One Dead Indian: The Premier, the Police, and the Ipperwash Crisis is a book by Canadian investigative journalist Peter Edwards (born 1956) about the 1995 Ipperwash Crisis and the shooting death of aboriginal land claims protester Dudley George by the Ontario Provincial Police on September 7, 1995.
[1] The book examines the circumstances surrounding George's death during the Ipperwash standoff, the role of the Ontario Provincial Police, and the provincial government, Progressive Conservative under then Premier Mike Harris who had won the Ontario general election on June 26, 1995.
A 2004 review by Suzanne Methot in Quill and Quire described how the book by Edwards', who was an investigative reporter for The Toronto Star, "clearly detailed events" that led up to the Ipperwash crisis.

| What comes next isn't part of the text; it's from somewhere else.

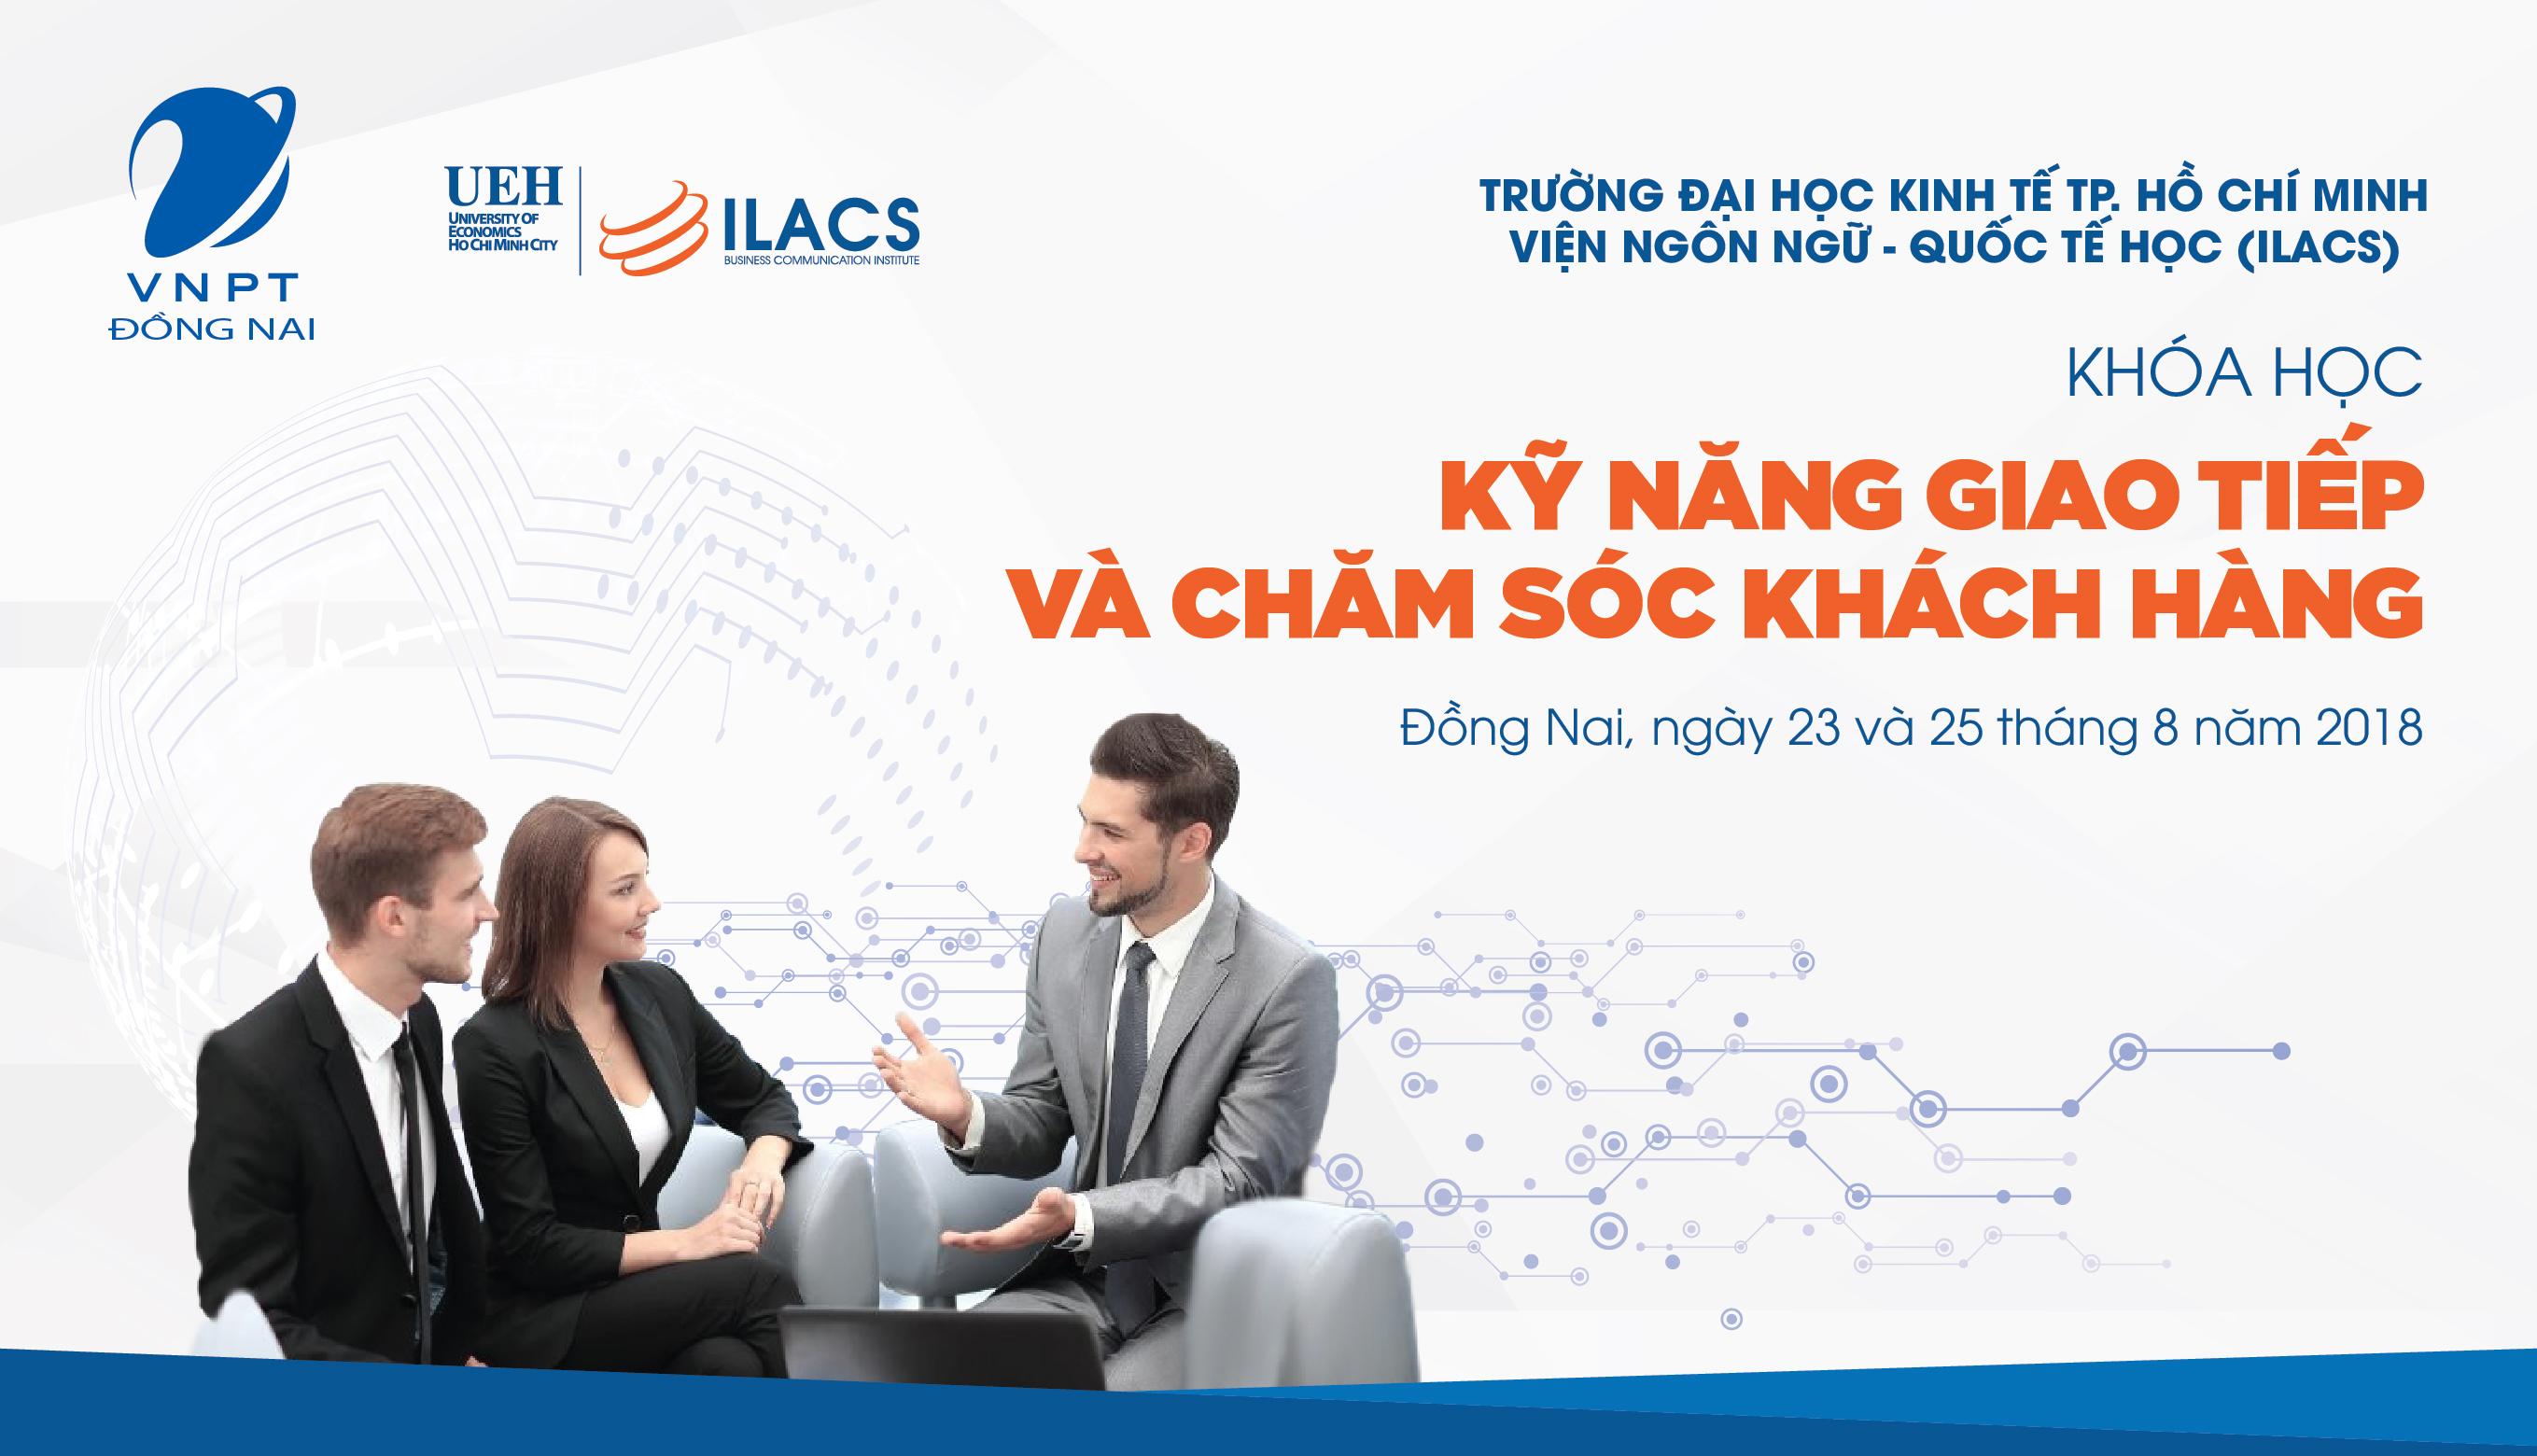 Khóa học Kỹ năng giao tiếp và chăm sóc khách hàng tại VNPT Đồng Nai

[2] Methot wrote that "Edwards’s exhaustive and well-written examination of Ipperwash shows ...[that] aboriginal people need protection from the police" in Canada.
Methot described how Edwards based his book on minutes of meetings between the newly elected Premier Mike Harris and the OPP and other documents obtained by Access to Information requests, trial transcripts, Special Investigations Unit interviews, officers’ logs, and telephone conversations from the OPP command centre on the night of the shooting.